There are heaps more recipes here that I can imagine cooking, so I am very happy to have this in my life. The only potential issue for Australian cooks – and this is a problem with us, not the author – is the fish section. The recipes call for specific fish (cod, mackerel, sardines) and I don’t know whether they’re all a) easily available here, b) have the same names (I know those ones do), or c) whether other fish can be easily substituted. Still, highly recommended.
Simply: Sabrina Ghayour

I received this as a review copy from the Australian publisher, Hachette, at no cost. It’s available now; RRP $39.99.
I own all of Sabrina Ghayour’s cookbooks. Her first, Persiana, is one of my favourite cookbooks ever. Every book has been produced beautifully, and every recipe I have tried has been great. This new book is no exception.
Ghayour is Persian by background, and having grown up in Britain she brings a (ugh, buzz word) fusion to cuisines that really works. I recently started following her Instagram account, and the enthusiasm that appears in her descriptions of the recipes comes through there, too. She’s a delight.
The idea of a ‘simple’ cookbook is a perennial one; it’s come around again recently, it seems to me. I was a little surprised that Ghayour got into it – not that her other recipes have ever been that hard, but that it seemed an odd genre for her to get into. But actually, this does fit: she’s into encouraging everyone that they can cook, that doing so doesn’t need brand new, hard to get, and fresh-or-lose-it ingredients every time. She’s a big fan (from her Insta account) of using pantry essentials really well. Of course, her pantry isn’t necessarily mine; but once you’ve bought sumac or tahini (which, let’s be honest, actually are always in my pantry), you’ve got them and you can keep using them.

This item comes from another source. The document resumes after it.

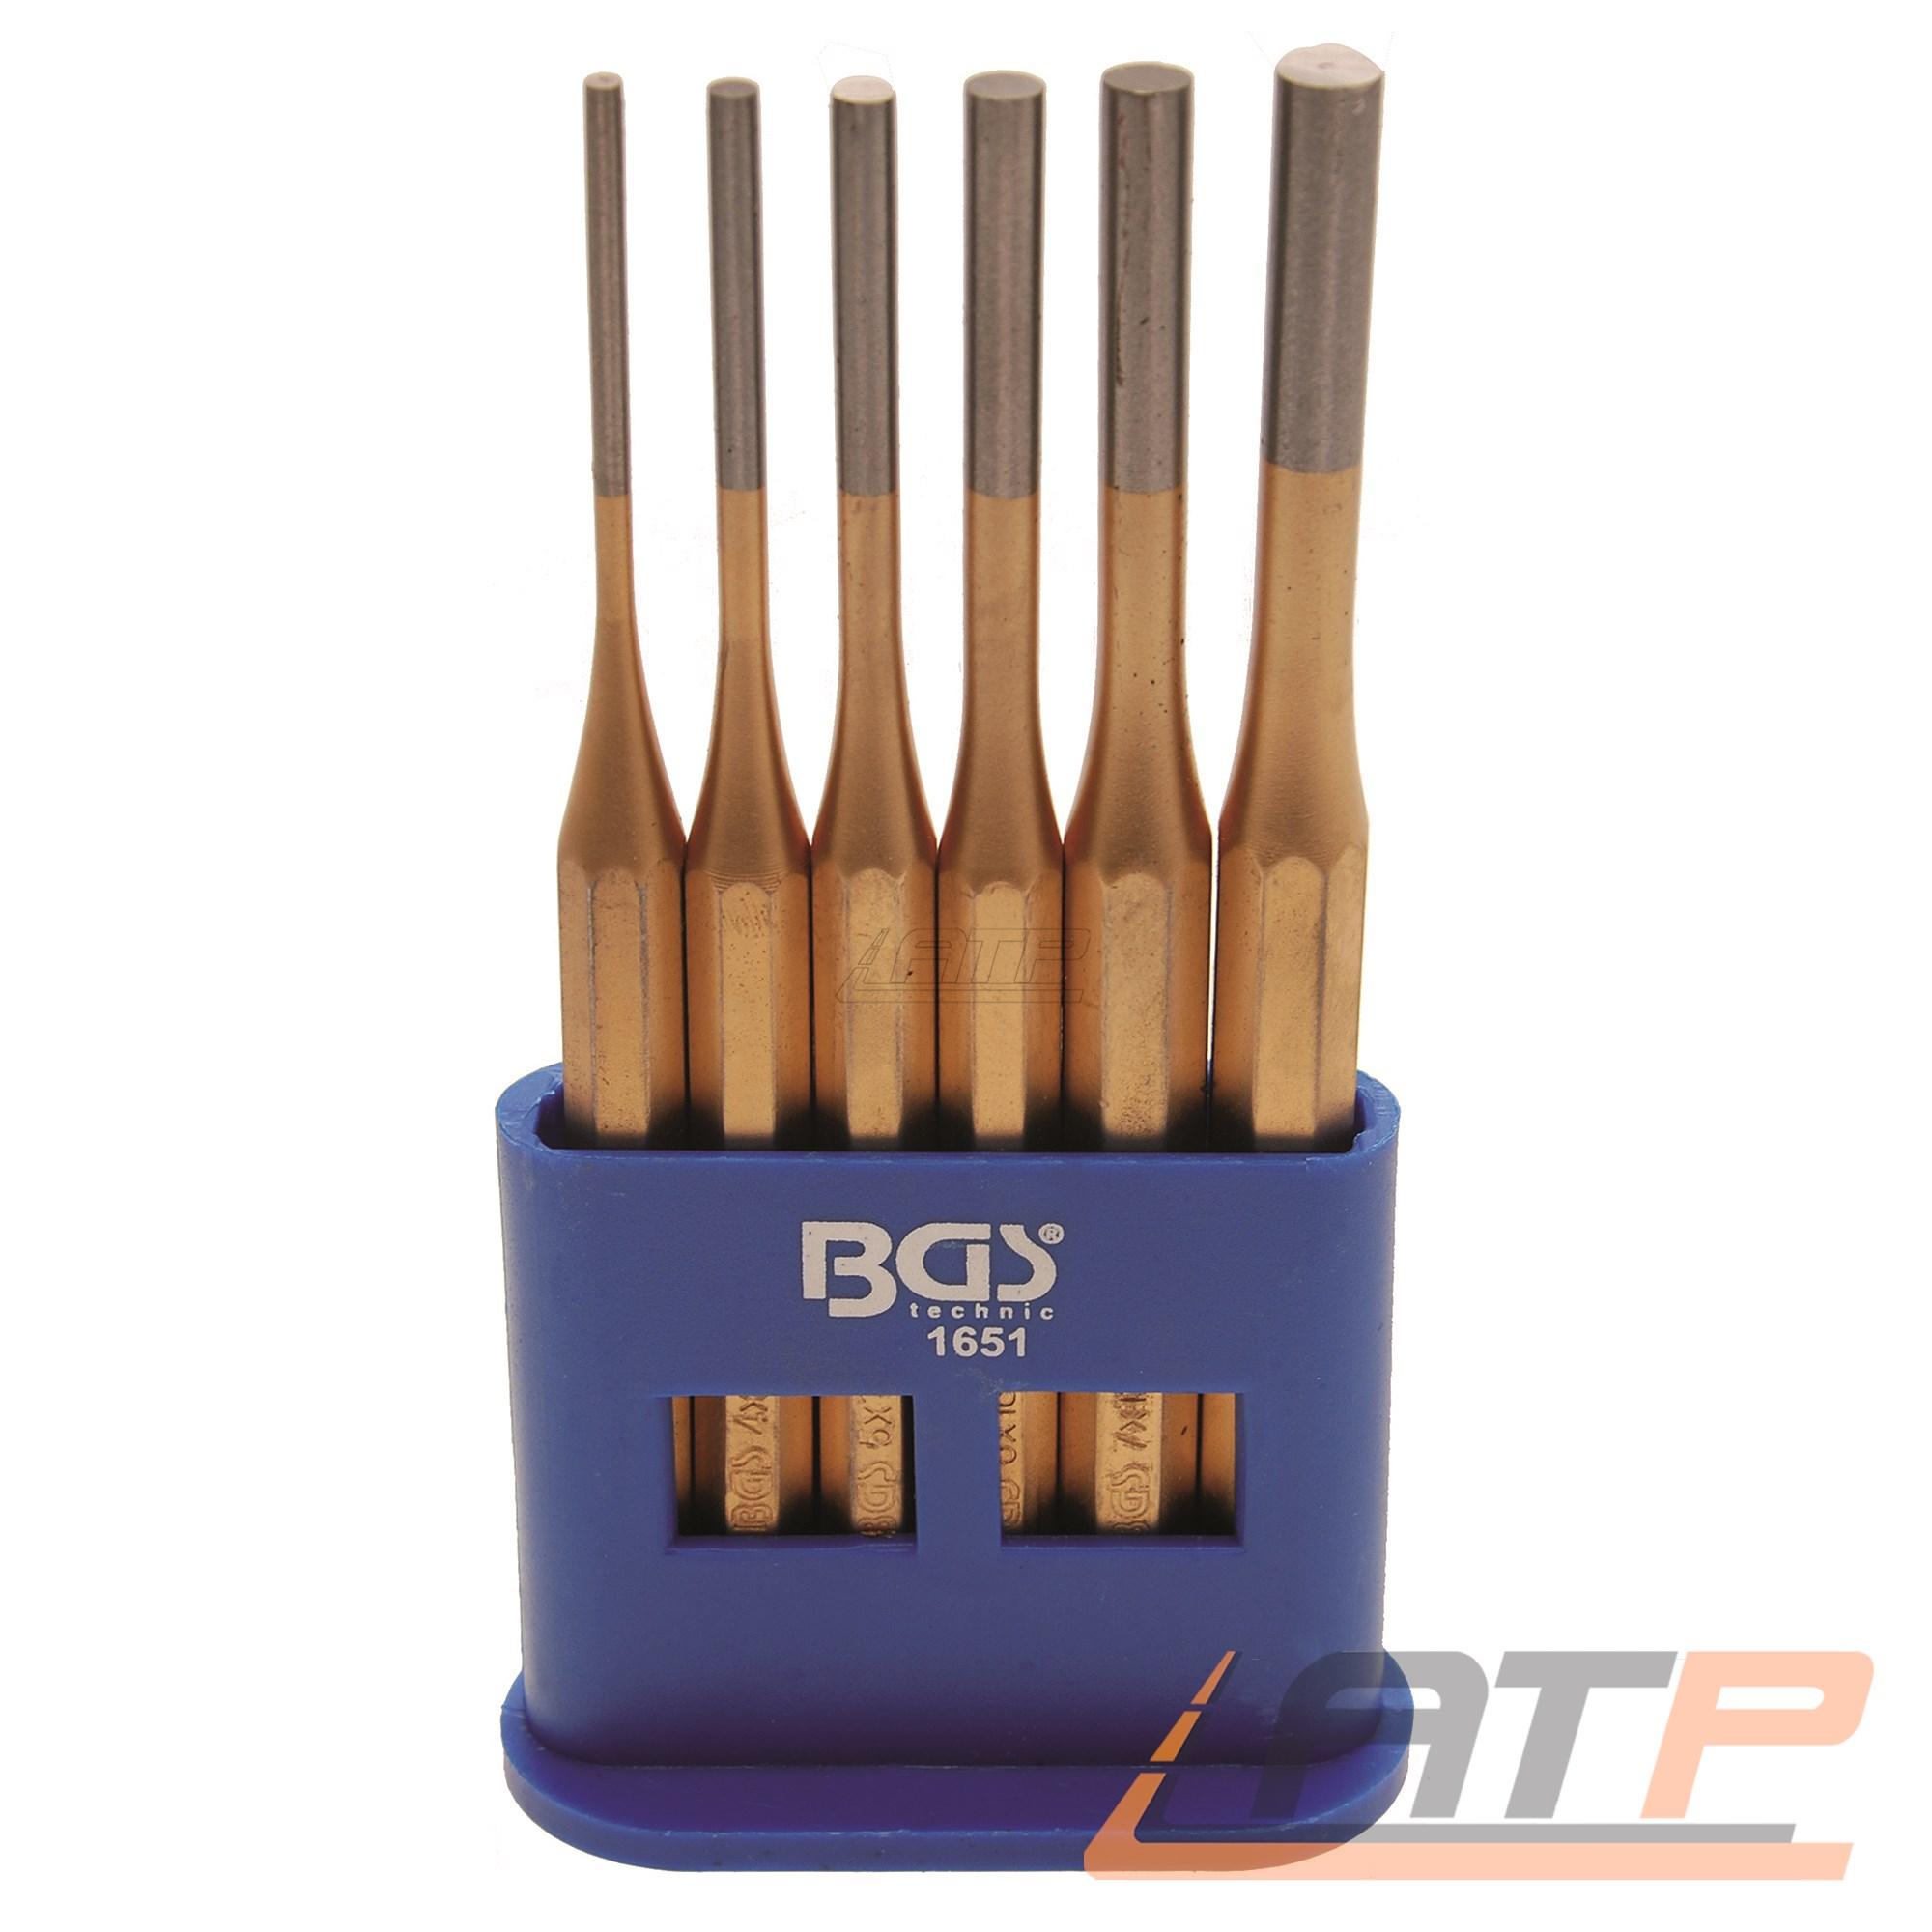 7 Splinttreiber Splintentreiber Durchtreiber 6 tlg 6 5 4 3 8 x 150 mm
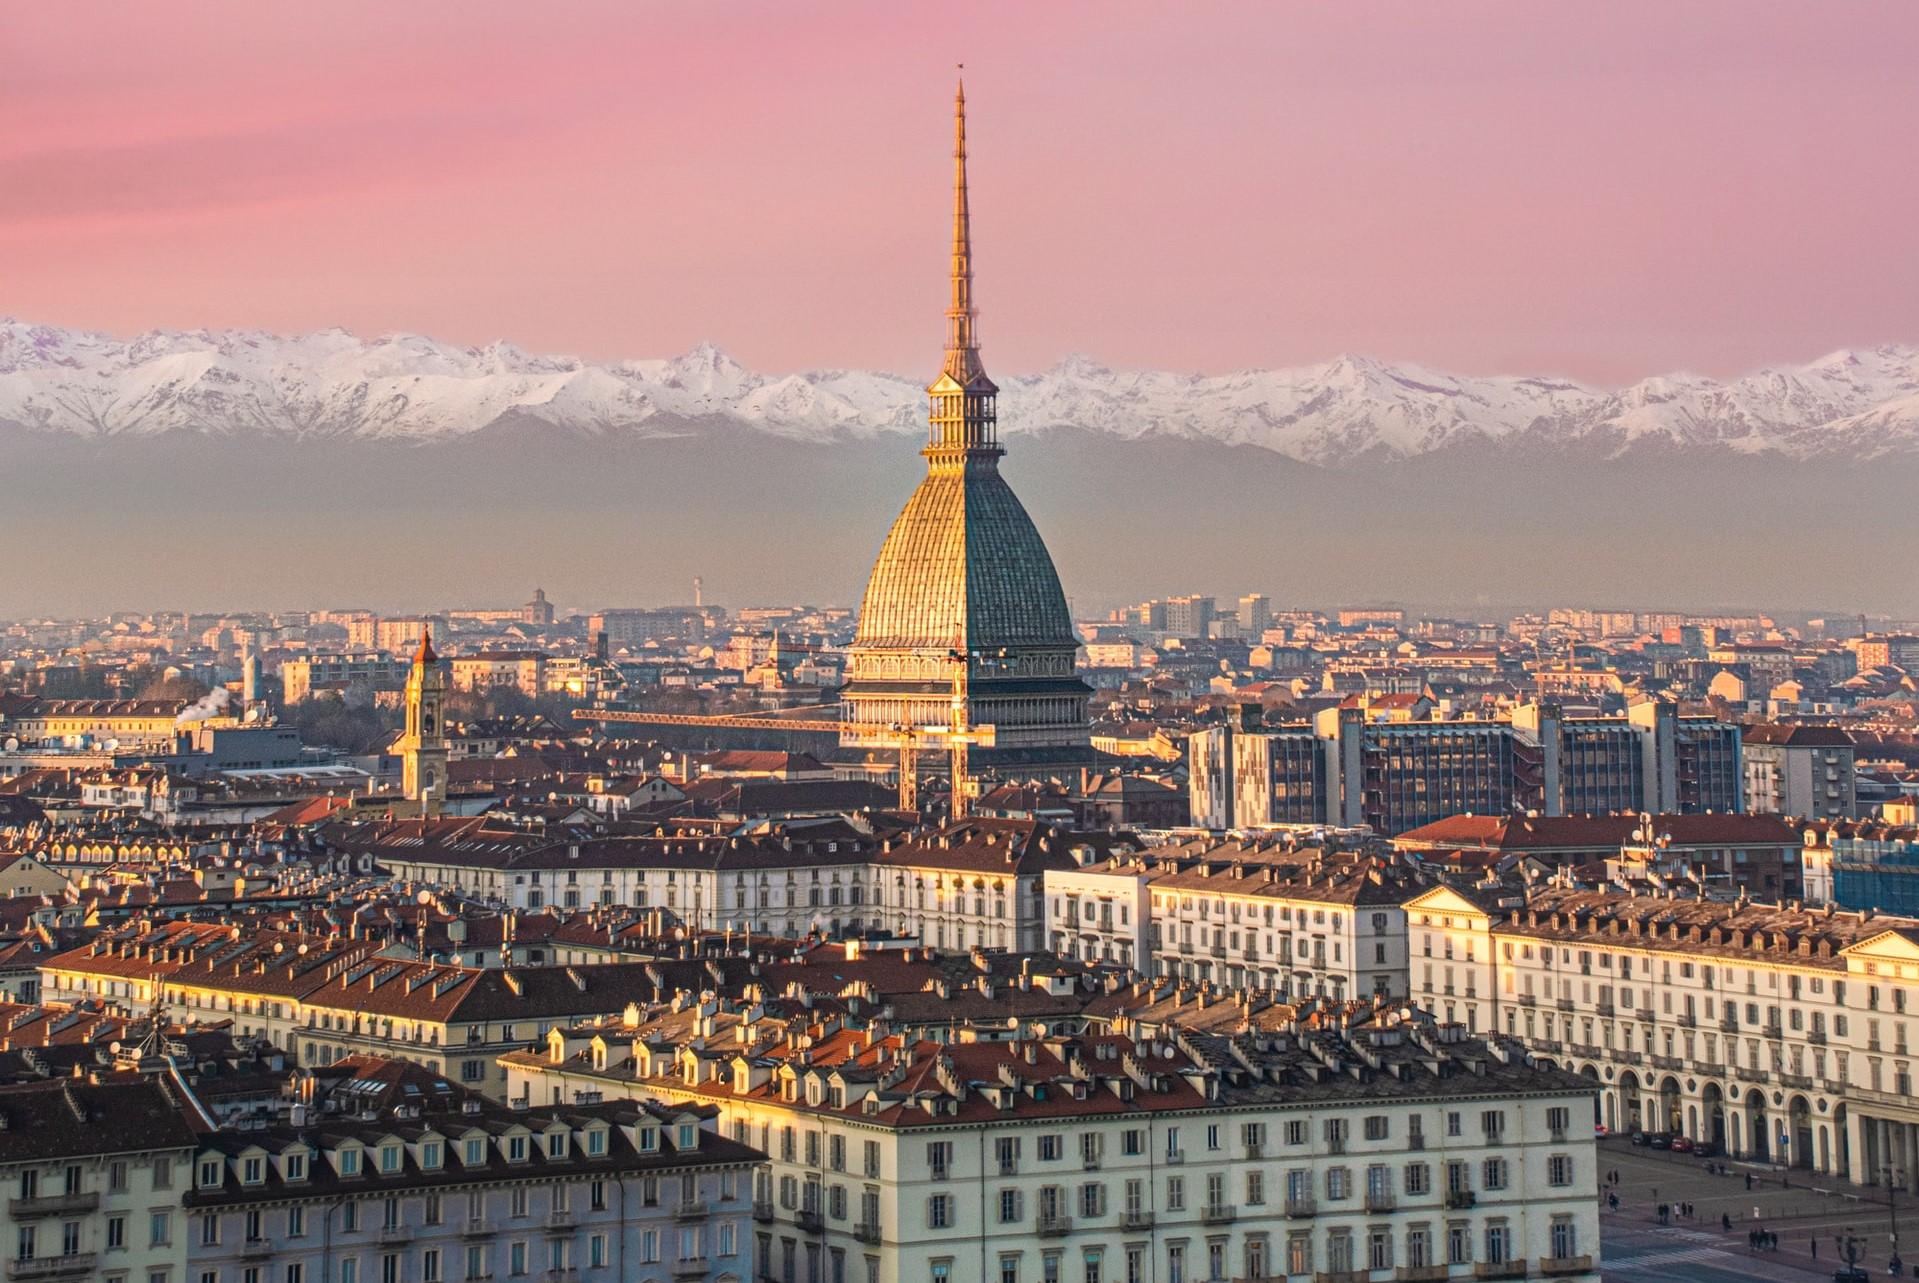 Torino Photo by Massimiliano Morosinotto on Unsplash

Anyway! The recipes are once again easy to follow, and every recipe I’ve tried has been a hit. Baked sweet potato chips with za’atar were great; beans with tahini and preserved lemon is inspired and I want to do beans like this forever. Carrot with pistachio, dill, and lime; baked butternut that’s then mashed with yoghurt and chilli and dill… and absolutely fantastic felafel. And that’s just the vegetables! Variations on chicken kebabs, and kofte, and the solution when my veg box has a full celery: lamb, celery and parsley stew (yes, when I ask for 100g of parsley, I meant it. It didn’t even make a dent in the parsley thicket). I haven’t had a chance to cook any dessert yet, but: white chocolate, pistachio, and raspberry tiramisu. Nuff said.
The book is divided into Effortless Eating; Traditions with a Twist; The Melting Pot; Something Special (sticky peach and halloumi skewers!!) and Cakes, Bakes, and Sweet Treats. I am keeping this book out on the counter to keep cooking from over the next … I dunno, six months?
Highly recommended. An excellent introduction to Ghayour’s style of cooking and recipe writing.